Archive for the ‘Simsbury’ Category

St. Mary’s Church, Simsbury (1936)

Sunday, April 23rd, 2017 Posted in Churches, Gothic, Simsbury | No Comments »

The first Catholic Mass celebrated in the Hopmeadow Street area of Simsbury was on October 5, 1902. Simsbury Catholics had previously been traveling to St. Bernard’s Church in Tariffville. The Church of the Immaculate Conception was soon built on the north side of Plank Hill Road and dedicated on May 29, 1904. The parish, organized in 1921, eventually outgrew this wood frame structure and a new brick church. Located at 940 Hopmeadow Street, it was dedicated to St. Mary on February 23, 1936.

Adelaide Wilcox House (1852)

Wednesday, April 12th, 2017 Posted in Houses, Italianate, Neoclassical, Simsbury | No Comments »

The house at 880 Hopmeadow Street in Simsbury, named for Miss Adelaide Wilcox, was built in 1852-1853 and has been owned by a number of prominent families associated with the Ensign Bickford Company. Originally having an Italianate design, the house was altered to the Neo-Classical Revival style around 1900. Also added was a third floor with a grand ballroom. Since 1969 the house has been the Vincent Funeral Home.

Ariel Ensign House (1812)

Thursday, May 23rd, 2013 Posted in Federal Style, Houses, Simsbury | No Comments »

835 Hopmeadow Street, Simsbury

The brick Federal-style house at 835 Hopmeadow Street in Simsbury was built in 1812 for Ariel Ensign. It was later the home of George Chester Eno. Today the building is the Simsbury ABC House.

Saint Bernard’s Roman Catholic Church (1895)

Sunday, January 20th, 2013 Posted in Churches, Gothic, Simsbury | No Comments »

Saint Bernard's Roman Catholic Church, Tariffville

A Catholic chapel was built in Tariffville in Simsbury in 1856 and was destroyed by fire in 1876. A newly completed church was dedicated to St. Bernard in 1879. St. Bernard’s became a parish in 1881. The church was destroyed by fire in 1892 and the current Saint Bernard’s Roman Catholic Church, a wood-frame Gothic edifice on Maple Street, was dedicated in 1895.

Simsbury Town Hall (1907)

Tuesday, October 16th, 2012 Posted in Gothic, Public Buildings, Schools, Simsbury | No Comments »

The building which now serves as Simsbury’s third Town Hall was built in 1907 as Simsbury High School. The building’s design, by Edward Hapgood of Hartford, is believed to follow that of Homerton College, Cambridge University. When the high school, moved to a new building in the 1960s, the old building became Horace Belden Elementary School.
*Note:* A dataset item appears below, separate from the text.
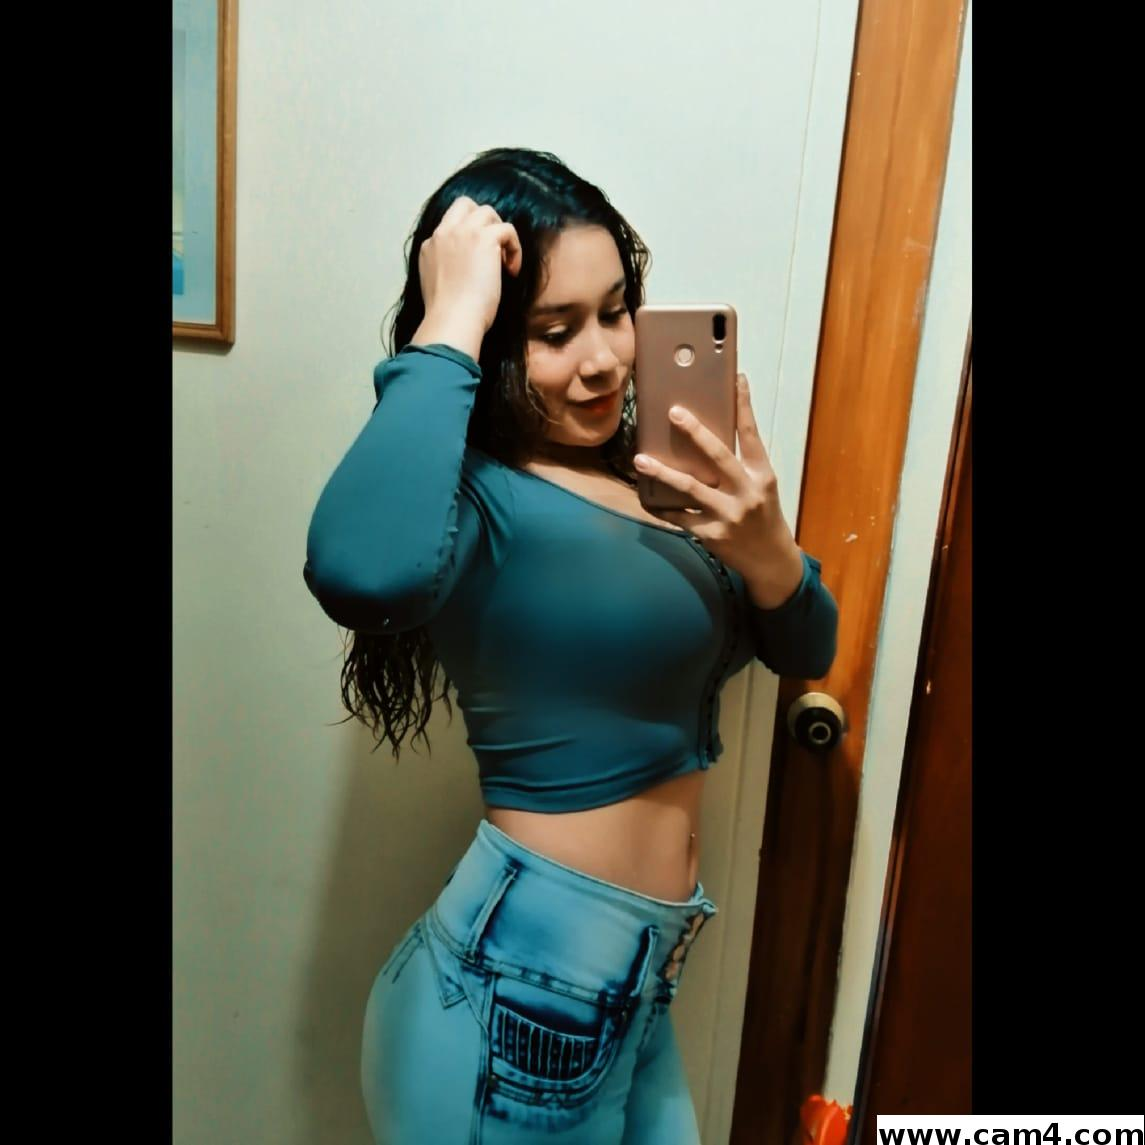 Samantha3 ?s=xzdtbda848c2rfovyz0hqligy3qyt3etib9gtcf6ebi=

It was renovated in 1993-1994 to become Simsbury Town Hall.

Trinity Episcopal Church, Tariffville (1872)

Sunday, September 2nd, 2012 Posted in Churches, Gothic, Simsbury | No Comments »

Trinity Episcopal Church in Tariffville, Simsbury was founded in 1848 and began holding worship services in Mitchelson Hall on Elm Street in Tariffville. Trinity purchased a former Presbyterian Church in 1856, but this building was seized to make way for railroad tracks in 1871. The present church, designed by Henry C. Dudley, was constructed on Church Street in 1872-1873. A parish house was built behind the church in 1932 and a modern classroom and office wing was added in 1968.

Amaziah Humphrey House (1775)

Monday, May 7th, 2012 Posted in Colonial, Houses, Simsbury | No Comments »

The Amaziah Humphrey House, at 42 East Weatogue Street in Simsbury, was built in 1775. Capt. Amaziah Humphrey (1754-1822) married Elizabeth Harris in 1774. The couple had seven children.